**TASK BRIEF**
Copy each line of the listing below exactly and drop the images.

**DATASET EXCERPT**
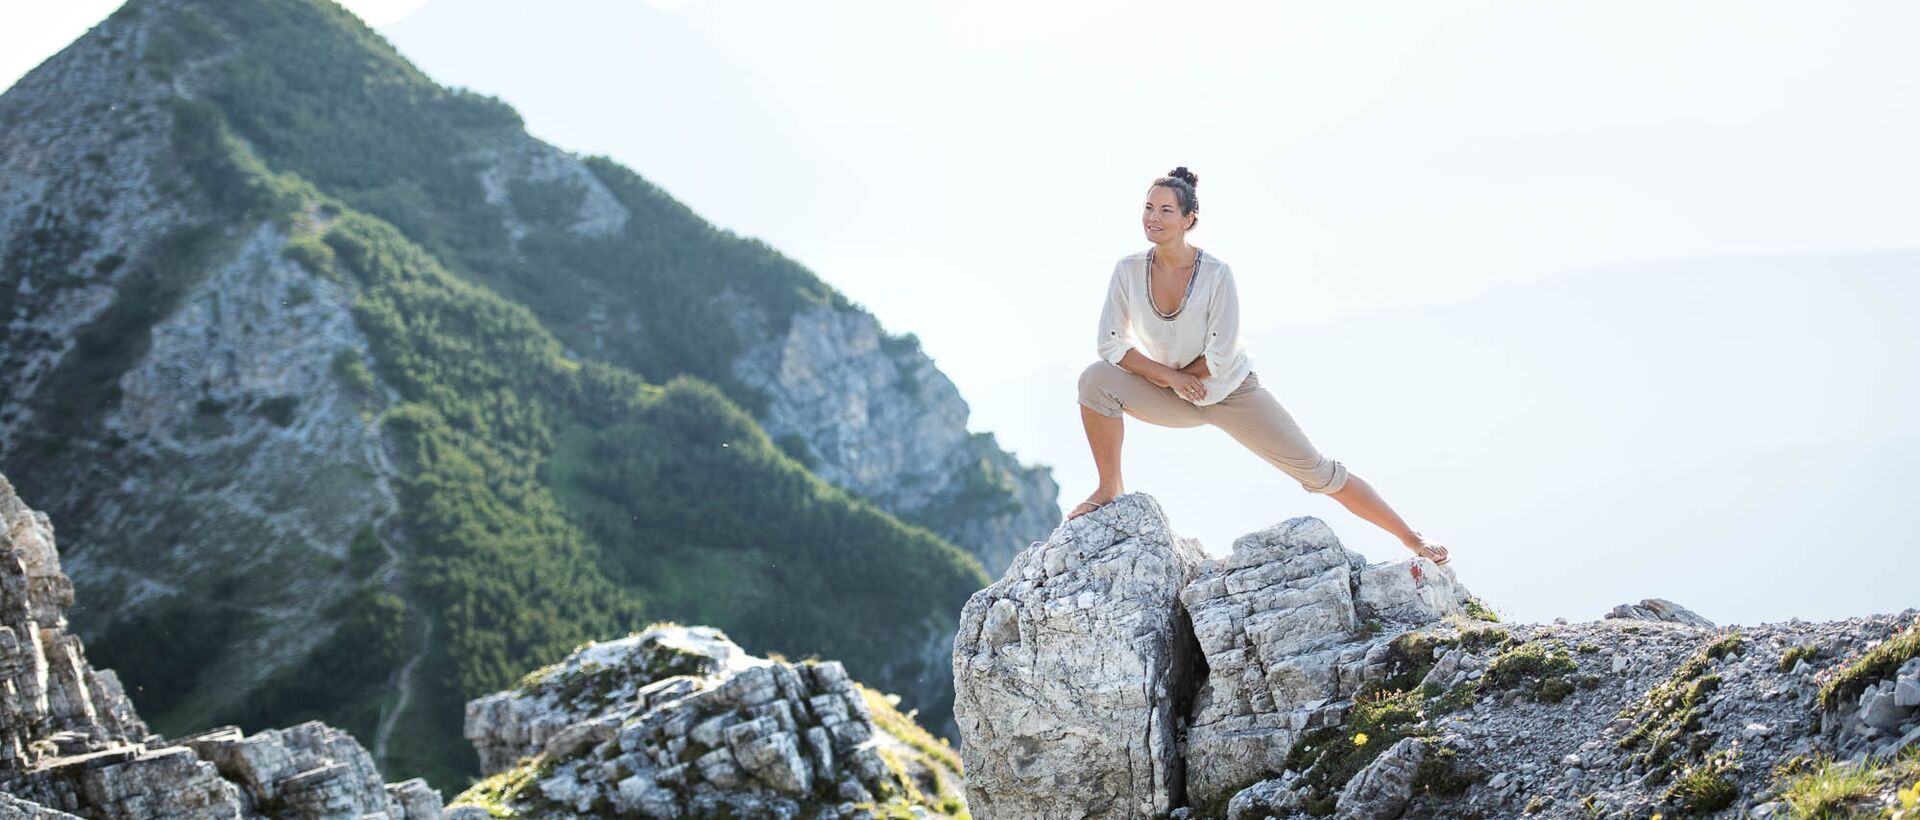 Yoga am Berg | Beste Wellnesshotels in Südtirol & Österreich
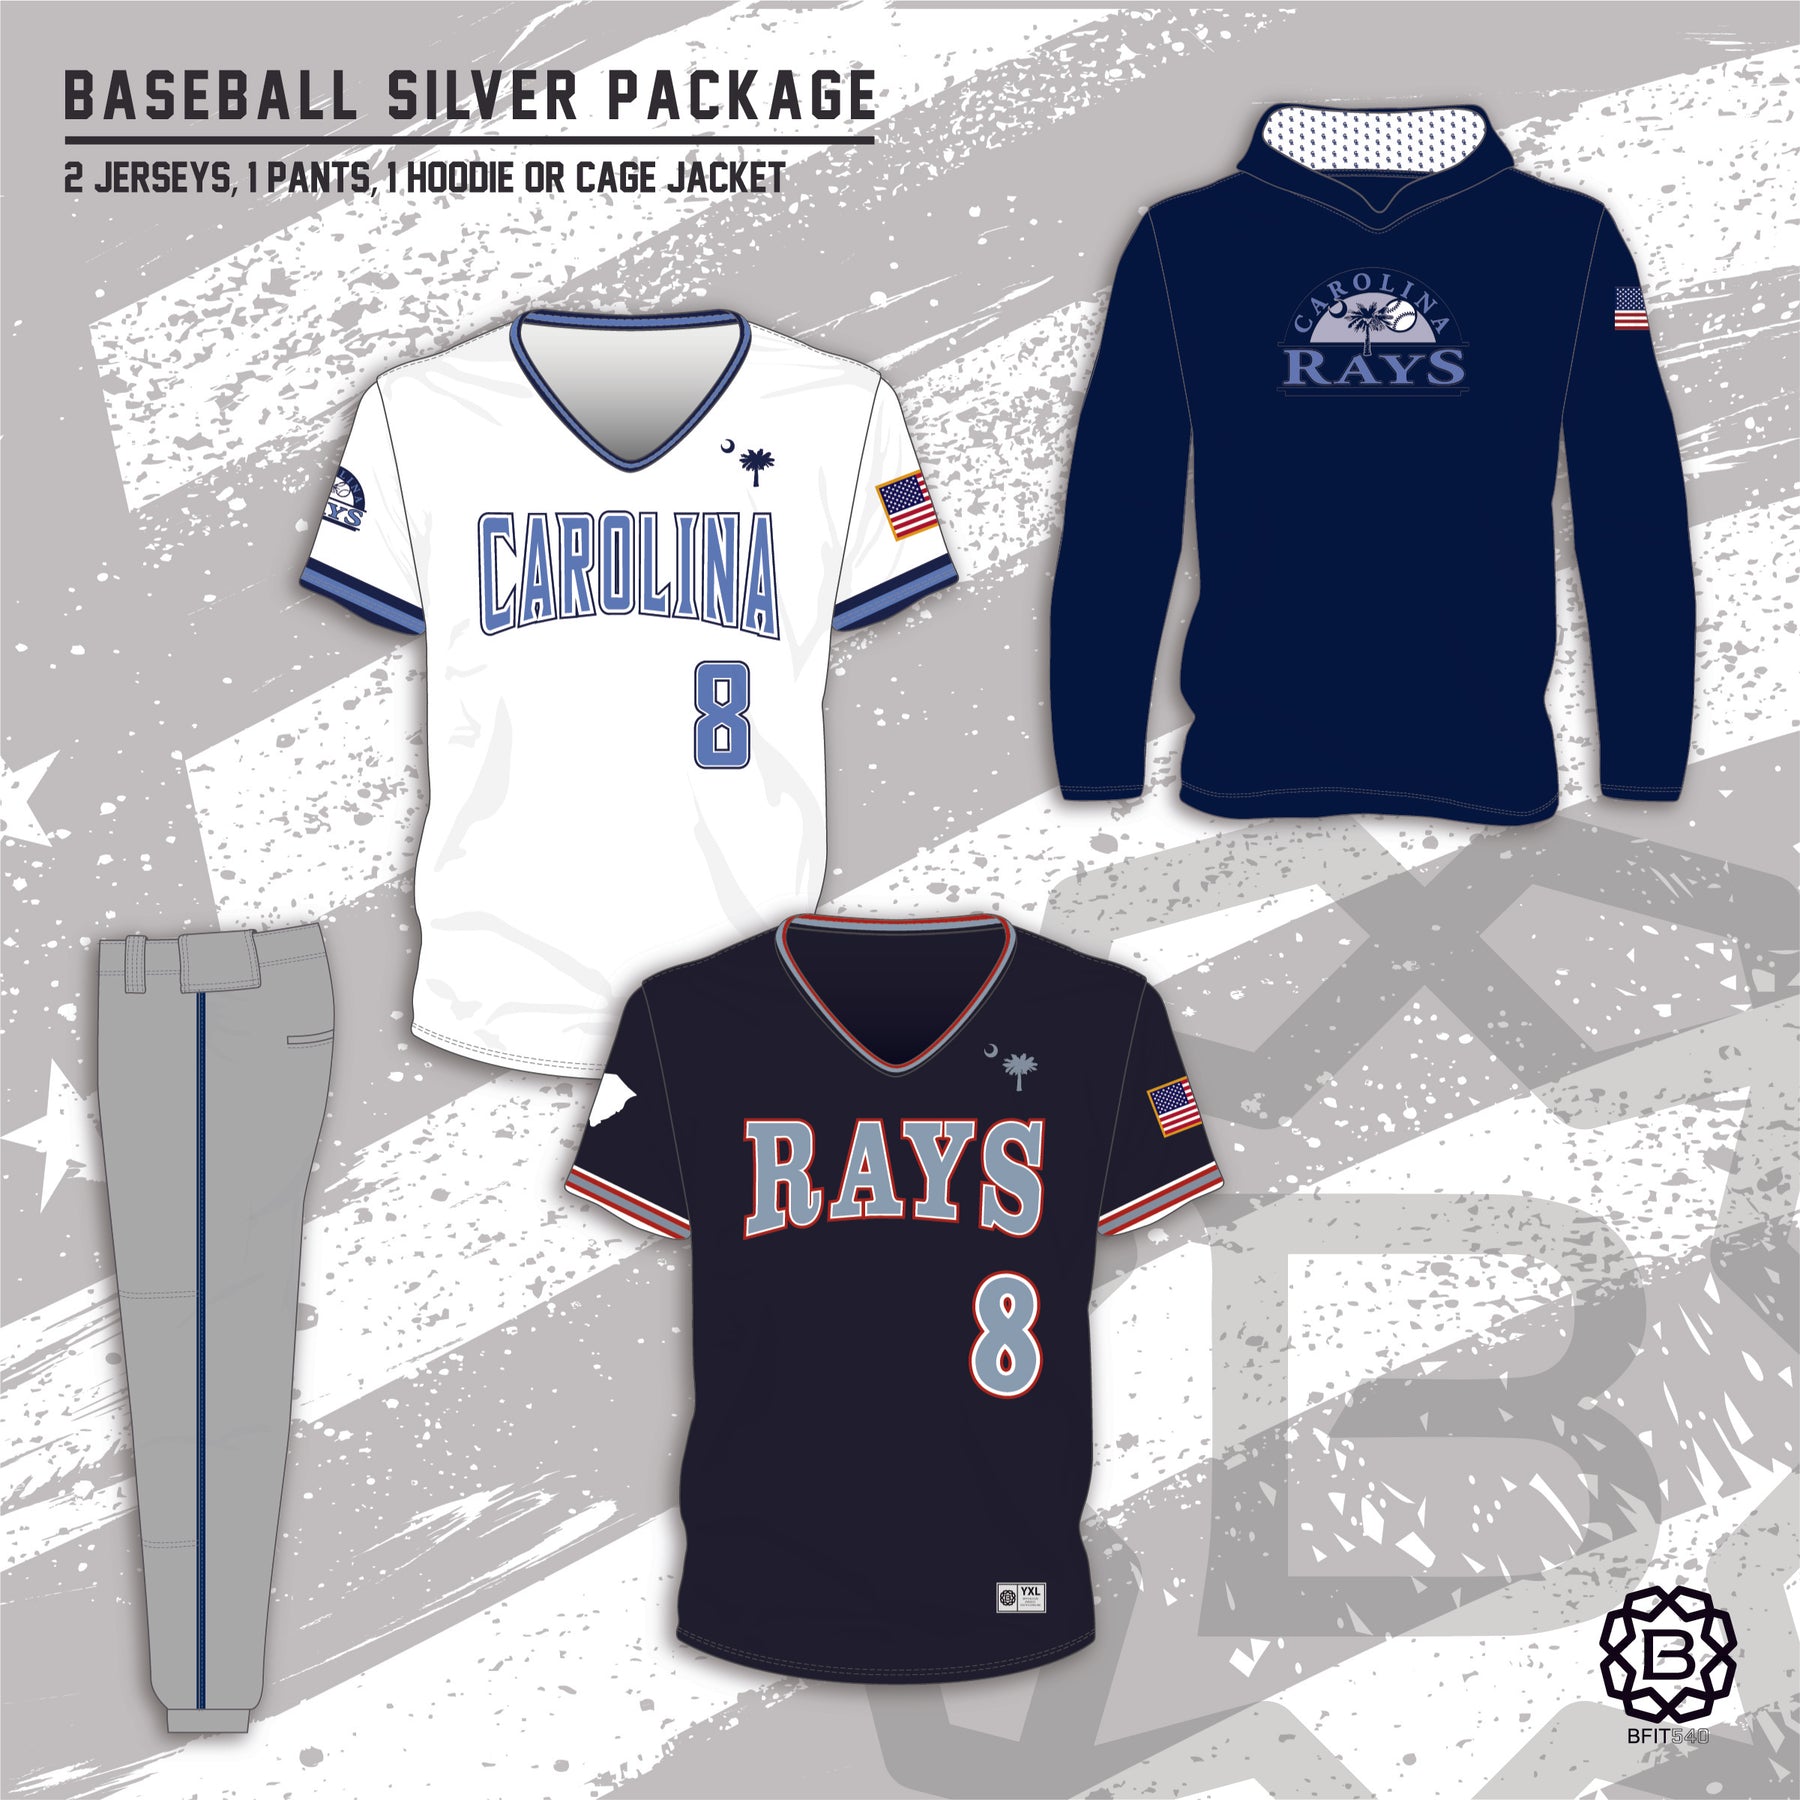 Order Custom Baseball Uniforms & Custom Baseball Jerseys
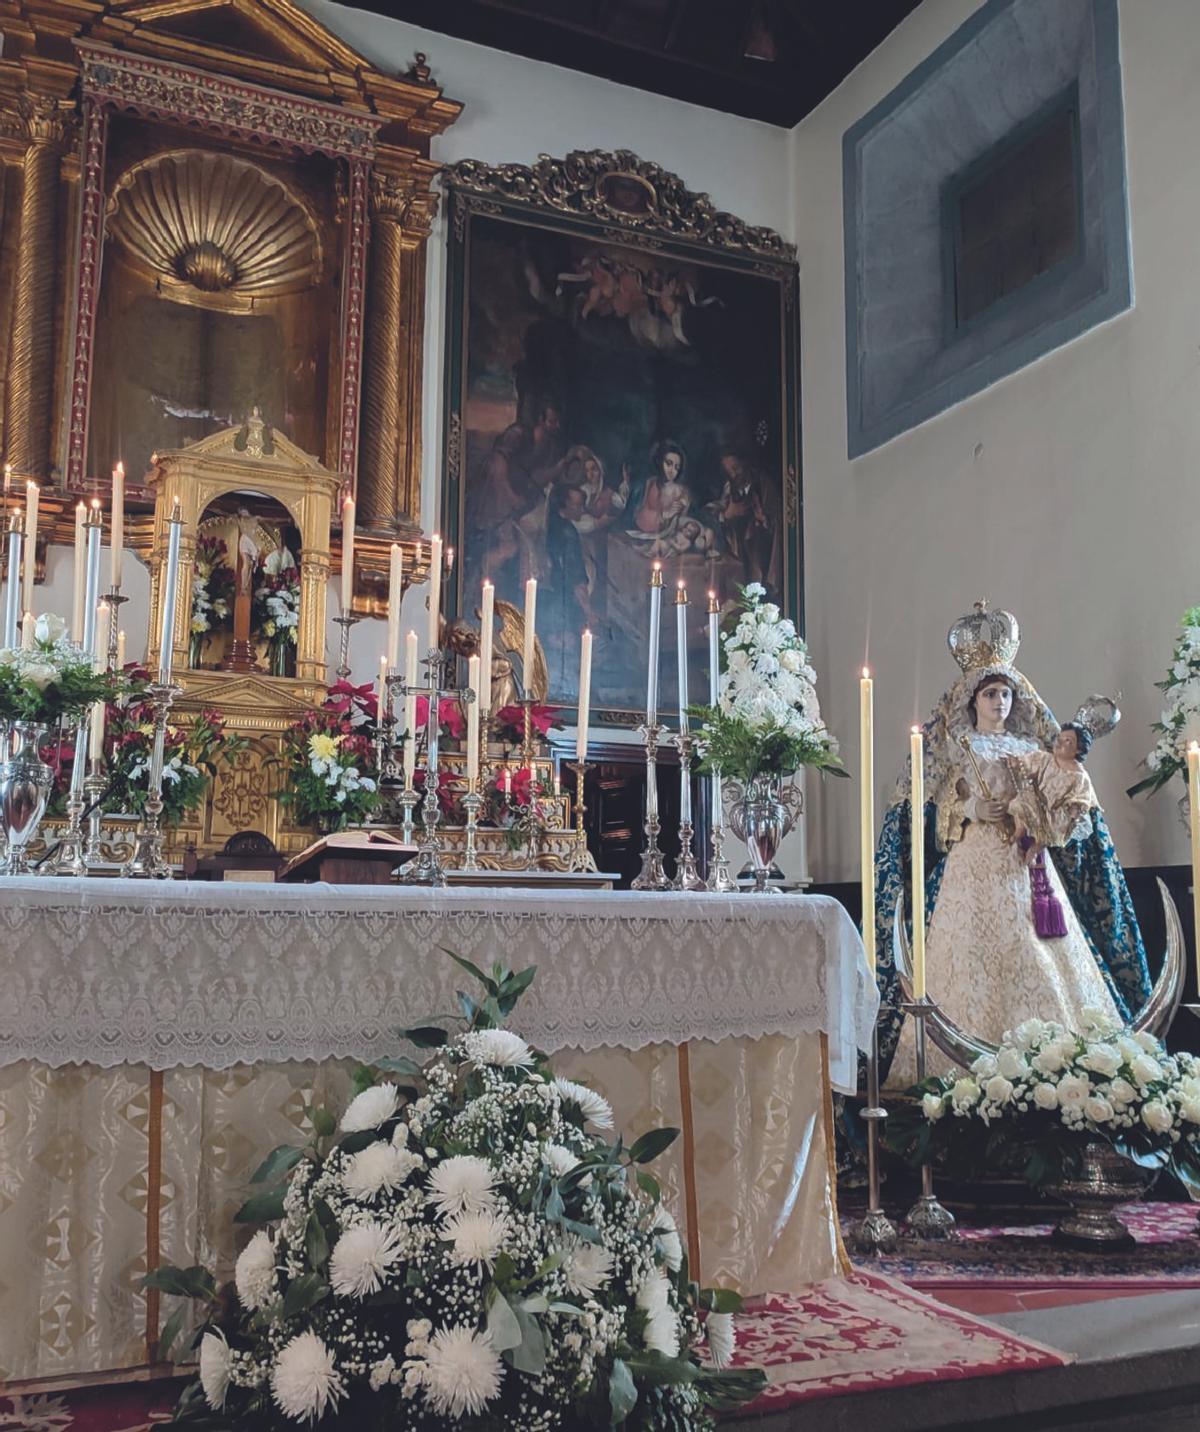 Imagen de la ermita de Nuestra Señora de los Reyes, popularmente conocida como la joya de Vegueta.
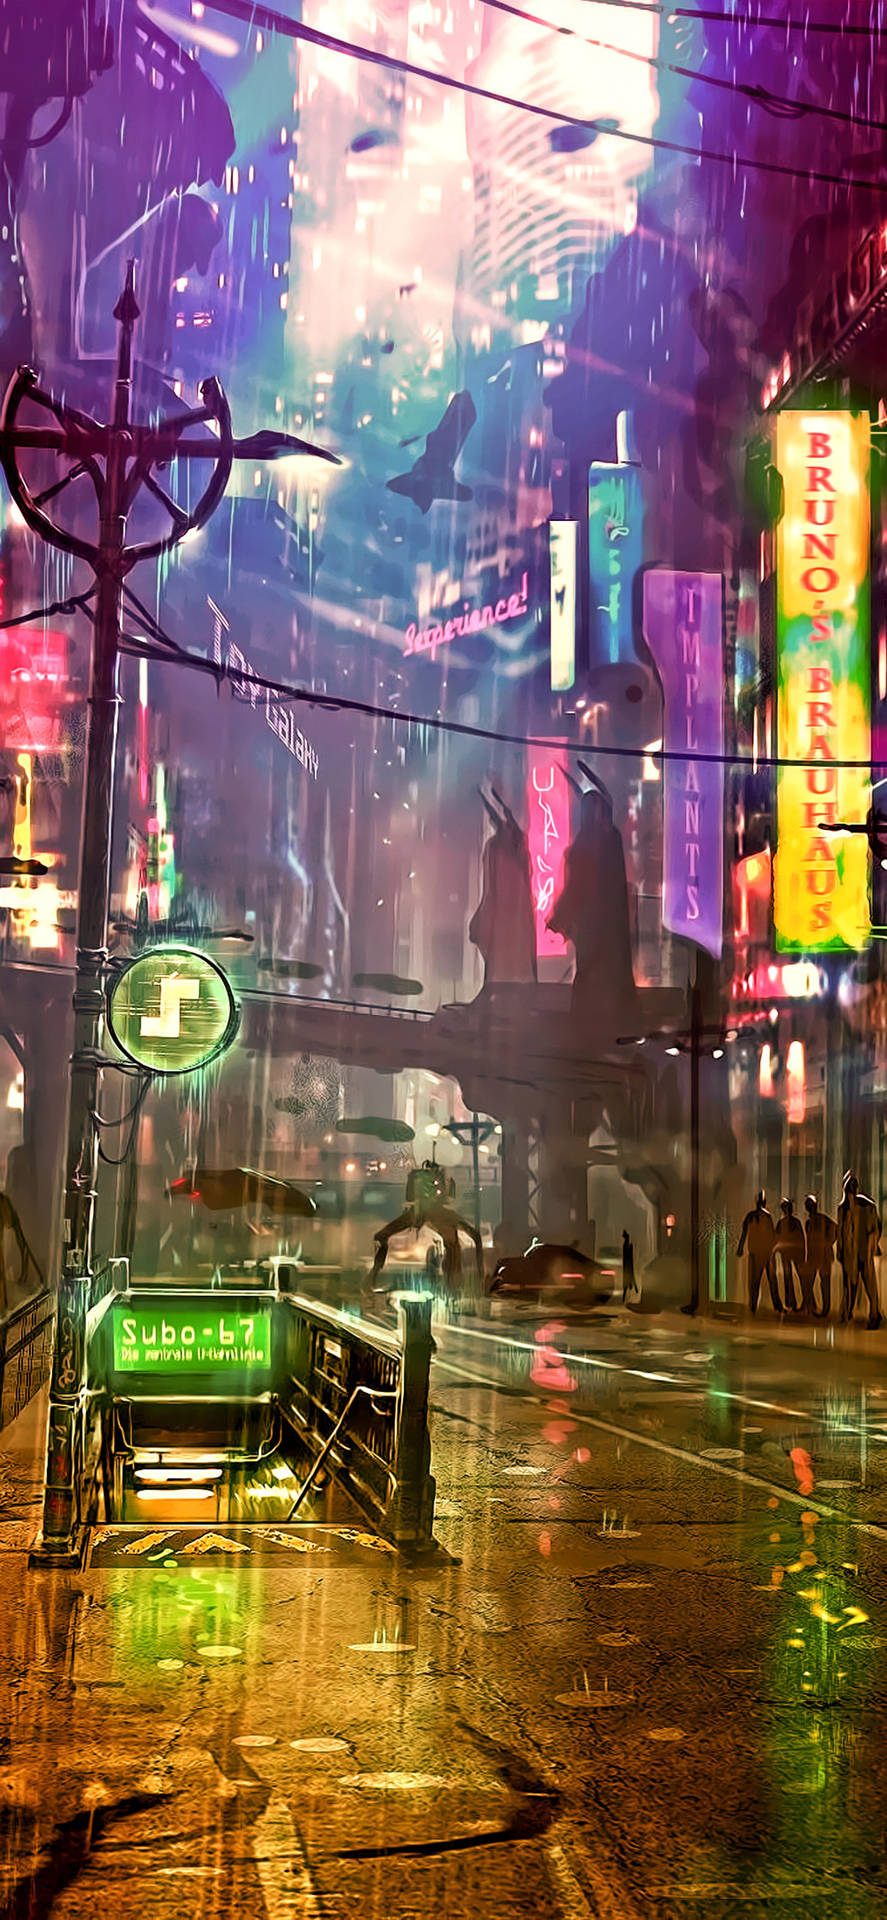 Futuristic City Artwork Cyberpunk Iphone X

**TASK SOLUTION**
 Yoga am Berg | Beste Wellnesshotels in Südtirol & Österreich
 Order Custom Baseball Uniforms & Custom Baseball Jerseys
 Imagen de la ermita de Nuestra Señora de los Reyes, popularmente conocida como la joya de Vegueta.
 Futuristic City Artwork Cyberpunk Iphone X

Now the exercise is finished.